Node Red is a really good, open source, flow-based data manipulation tool. It excels at connection to API’s, pulling data, manipulating it, and sending it to an output. It has dashboarding abilities, much like the one I use for monitoring the speed of my home internet connection but, frankly, it’s dashboards are rather simplistic.
Grafana, on the other hand, is a superb, open source, dashboarding utilities. Just like Node Red is used to connect to API’s, Grafana is used to connect to data sources and present the data in really smart ways. The right tool for the right job, so to speak.
Node Red and Grafana work really well together; Node Red to collect data, and Grafana to present it in a dashboard. In this example I’ll use Node Red to connect to the coingecko.com API to pull the most recent USD price for a number of coins, store the results in a local database, and then use Grafana to view the data in a nice looking dashboard.
Table 1: Coin Names
The “coin_api” field is the name of the coin that CoinGecko needs in it’s API query.
Table 2: Coin Values
Note that between the two tables the only shared field is the “coin_id” field. If I want to see the value of a coin by name I will need to perform an SQL join. This is preferable so as to not duplicate data. For a database this size there isn’t much of an issue, but if my database had dozens of tables with millions of rows, duplicate data causes data size bloat.
If you’re interested, here are the coins I’m pulling data for:
MariaDB [coins]> SELECT * FROM coin_names; +---------+-----------------------+-----------------------+ | coin_id | coin_name | coin_api | +---------+-----------------------+-----------------------+ | 1 | Doge Coin | dogecoin | | 2 | Hive | hive | | 4 | Steem | steem | | 5 | Basic Attention Token | basic-attention-token | | 6 | Bitcoin Cash | bitcoin-cash | | 7 | Blurt | blurt | | 8 | Presearch | presearch | | 9 | Appics | appics | +---------+-----------------------+-----------------------+
Node Red Flow
Without getting into too much detail on the inner workings of this flow, I’ve named each ‘block’ in the path with a label that should explain what it does.
- Get Coin SQL: Builds the SQL to retrieve the list of coins I am interested in from my local mysql database.
- Coins DB: This block takes the qperforms the actual query against the local mysql database and returns the results.
- Loop Each Coin: I don’t want to create a new set of flows for each coin, so instead I’m looping through each one. Essentially, “Do the first, then the second, then the third, etc.”
- Get Single Coin: Takes the coin output from the previous step to pass it to the next block.
- “http request”: This performs the http query against the coingecko api. If you’re interested, the query looks like this:
- SQL Topic: This formats the SQL INSERT statement that will insert the data into the coin_values table.
- Insert Data: Performs the actual SQL insert.
- msg.payload: simple debug to ensure all is well.
I have Grafana running on the same server. It’s a desktop, really. An old one. About 12 years old. Maybe more. With 8GB RAM and a 1TB spindle drive. It’s sitting under my desk. It’s pretty big and, honestly, my phone probably has more power. My phone isn’t running linux, though (but now I wonder if it will. Hmm.)
Grafana works by connecting to datasources and building queries to populate dashboards. In my case, the database is the mysql server; in particular, it is the coins database on the mysql server.
The dashboard itself is named, simply, Coin Values. I don’t need to be imaginative for this, otherwise I would have named it The Master Dashboard of All Thee Coin Values Populated In Thou Most Wonderful MariaDB RDBMA and Presented Within.
The dashboard itself looks like this:
There are a few really interesting aspects of this dashboard, even though there are only two items on it:
First, it has a pulldown to interactively choose the coin:
This is done by using a “variable” that is populated with an SQL query, dedicated on this dashboard. The variable is, simply,
SELECT coin_name FROM coin_names and is named “CoinName“.

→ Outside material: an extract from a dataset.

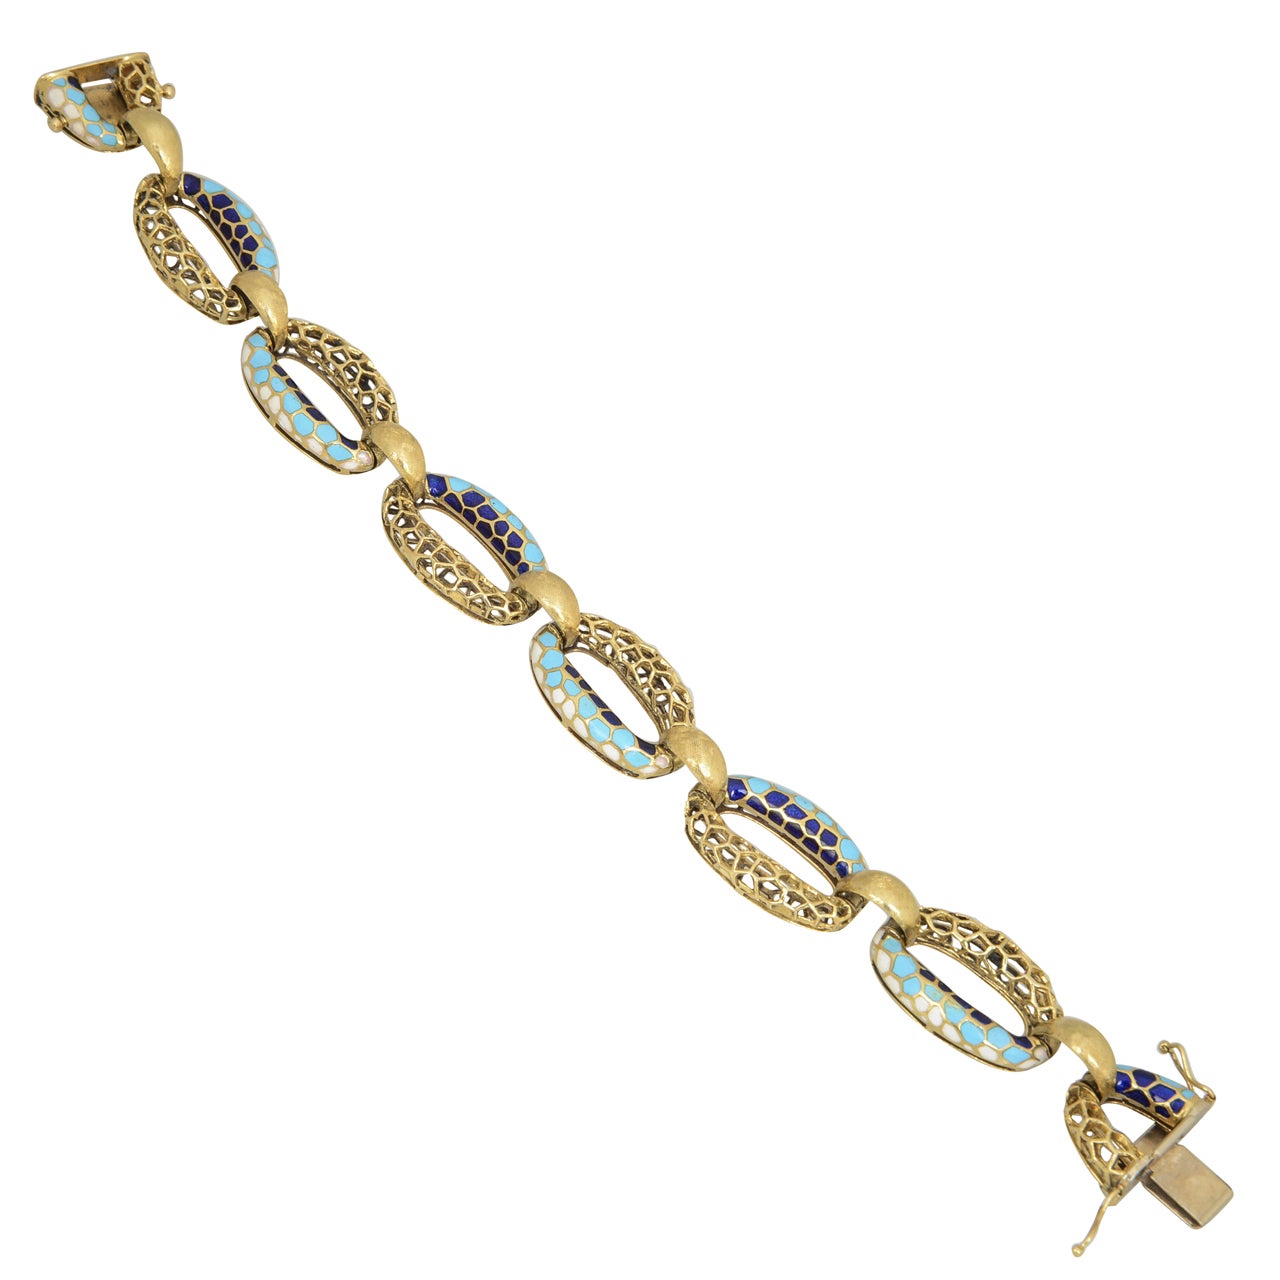 Finely made Italian enamel bracelet with links that are half gold honeycomb pattern and the other half navy, baby blue, and white enamel.  These links are connected with a florentine finish gold bridge.  It was made between the 1960's- 1970's.  18k

The next interesting point is the auto-timeframe feature in the top right corner. Without even needing to do anything Grafana automatically provides a method of choosing the timespan of the dashboard:
It can do this by virtue of the fact that it knows this dashboard is a time series dashboard, or one that has an x-axis of a timeframe.

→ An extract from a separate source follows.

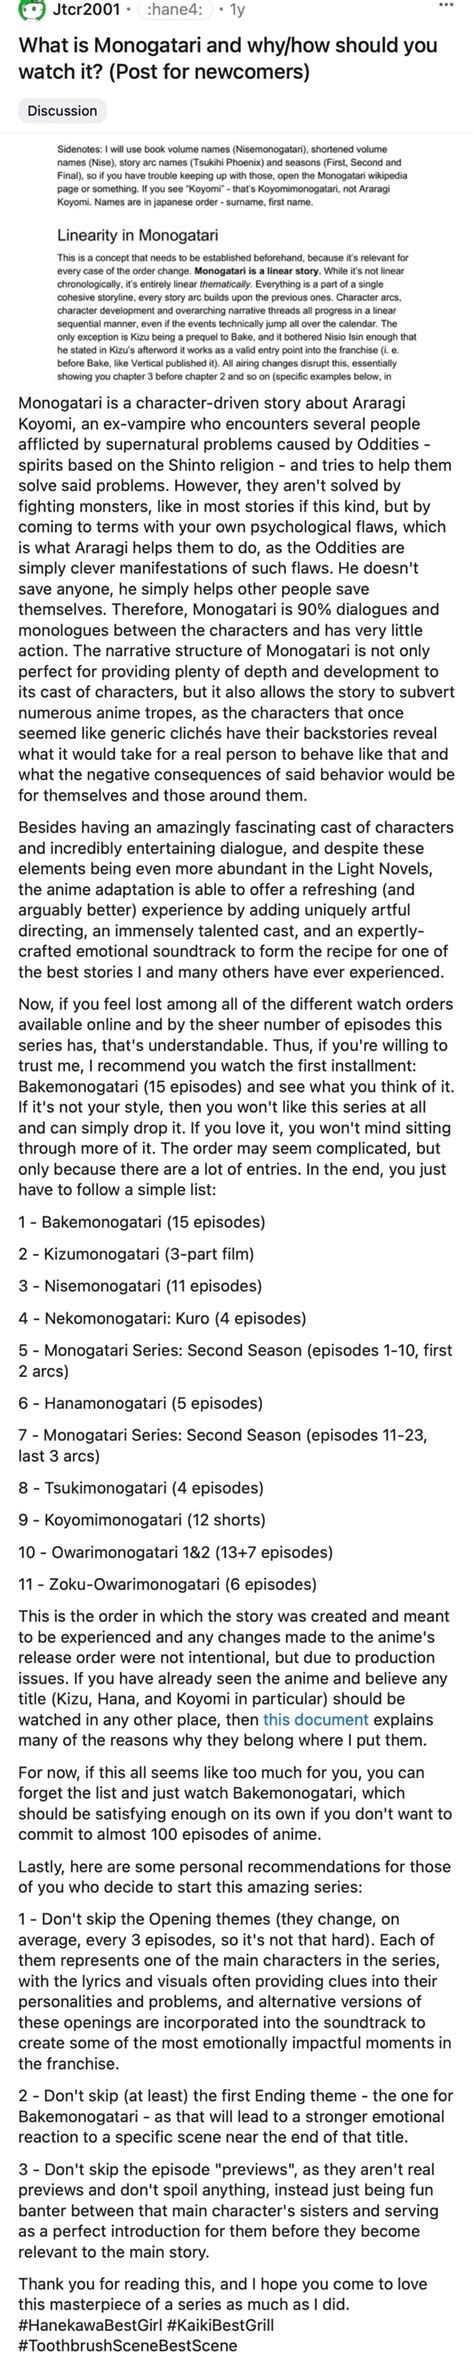 What Is Monogatari And Should You Watch It Post For

Building the charts themselves requires some underlying knowledge of the datasource and how it is put together. In this case it is just another SQL query:
SELECT t1.timestamp AS "time", t1.value AS "Price USD" FROM coin_values t1,coin_names t2 WHERE t1.coin_id = t2.coin_id AND t2.coin_id = (SELECT coin_id FROM coin_names WHERE coin_name = '$CoinName') ORDER BY t1.timestamp
Remember I had mentioned that the dashboard had a variabled named “CoinName?” You’ll see it passed in the SQL query to pull the data as ‘$CoinName’.
Node Red and Grafana work really, really well together. This is a simple example of providing some dashboard for time-series data. Depending on the use-case, however, the solution can be as simple or complex as required. Multiple Grafana variables can be used, as well as multiple chart types on the dashboard. Out of the box there are about a dozen different visualisations available, and there are even more available via plugins.